High availability & DR
Multi-AZ, multi-Region, RTO/RPO strategies.
Designing for high availability and disaster recovery is the heart of the Reliability pillar. The guiding assumption is that everything fails eventually, so you architect to absorb failures and recover within defined objectives.
Multi-AZ and multi-Region
High availability starts with multi-AZ: spread every tier across at least two Availability Zones so a data-center failure is absorbed — Auto Scaling groups across AZs behind a load balancer for compute, Multi-AZ databases for data. For protection against a whole-Region failure or for global latency, multi-Region designs replicate data and stand up capacity in a second Region, coordinated by Route 53 failover or latency routing. Multi-AZ is the default expectation for production; multi-Region is added when the business requires surviving a Region-wide event or serving users globally with local latency, and it costs and complicates more.

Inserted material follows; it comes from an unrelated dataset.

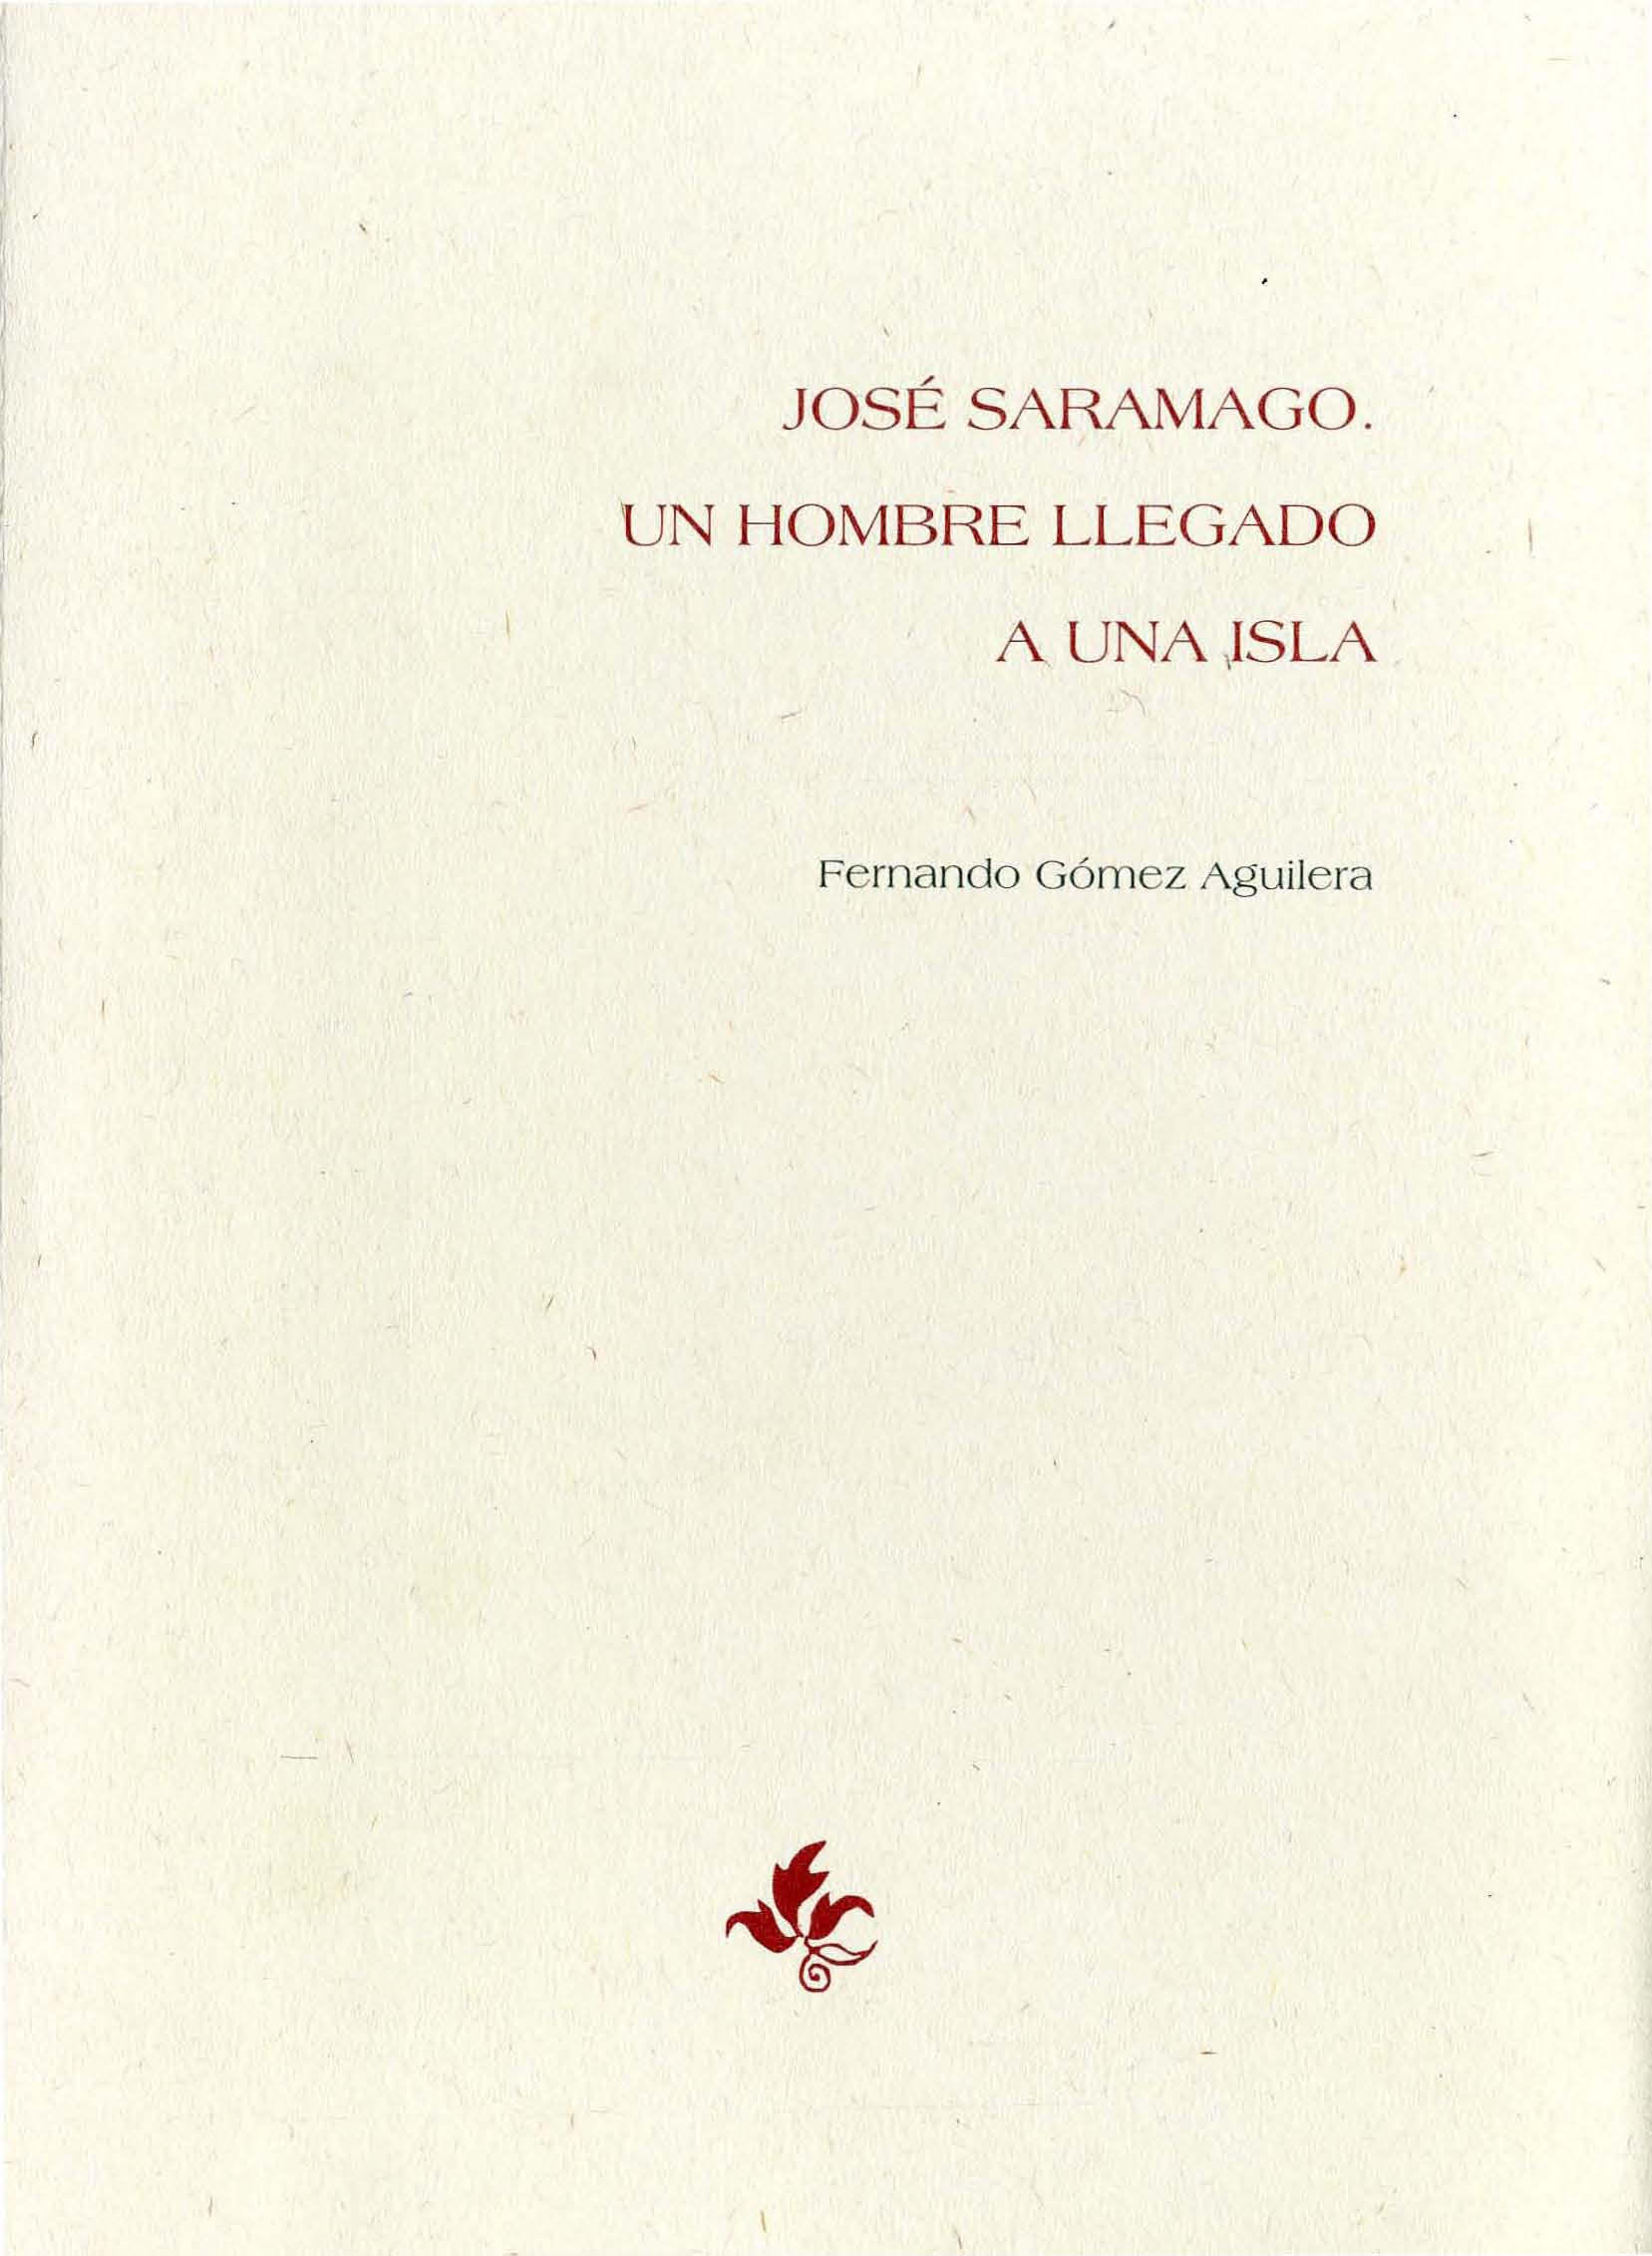 José Saramago : un hombre llegado a una isla, Hijo adoptivo de Lanzarote, 1997

# HA (within a Region) — the production default:# ALB → Auto Scaling group across AZ-a/b/c# RDS Multi-AZ (synchronous standby, auto failover)## DR (across Regions) — for Region-level protection:# replicate data to a second Region (e.g. Aurora Global, S3 CRR)# Route 53 failover routing → promote the DR Region on outage
DR strategies, RTO and RPO
Disaster-recovery strategies trade cost against recovery speed. Backup and restore is cheapest and slowest — restore from backups after an event. Pilot light keeps a minimal core (like a replicated database) always running in the DR Region, scaled up on failover. Warm standby runs a scaled-down but functional copy ready to take traffic. Multi-site active-active runs full capacity in both Regions for near-zero downtime and the highest cost. You choose based on two objectives: RTO (Recovery Time Objective — how long you can be down) and RPO (Recovery Point Objective — how much data loss is acceptable). Tighter RTO/RPO demands a more expensive strategy; match the strategy to the business requirement, not to fear.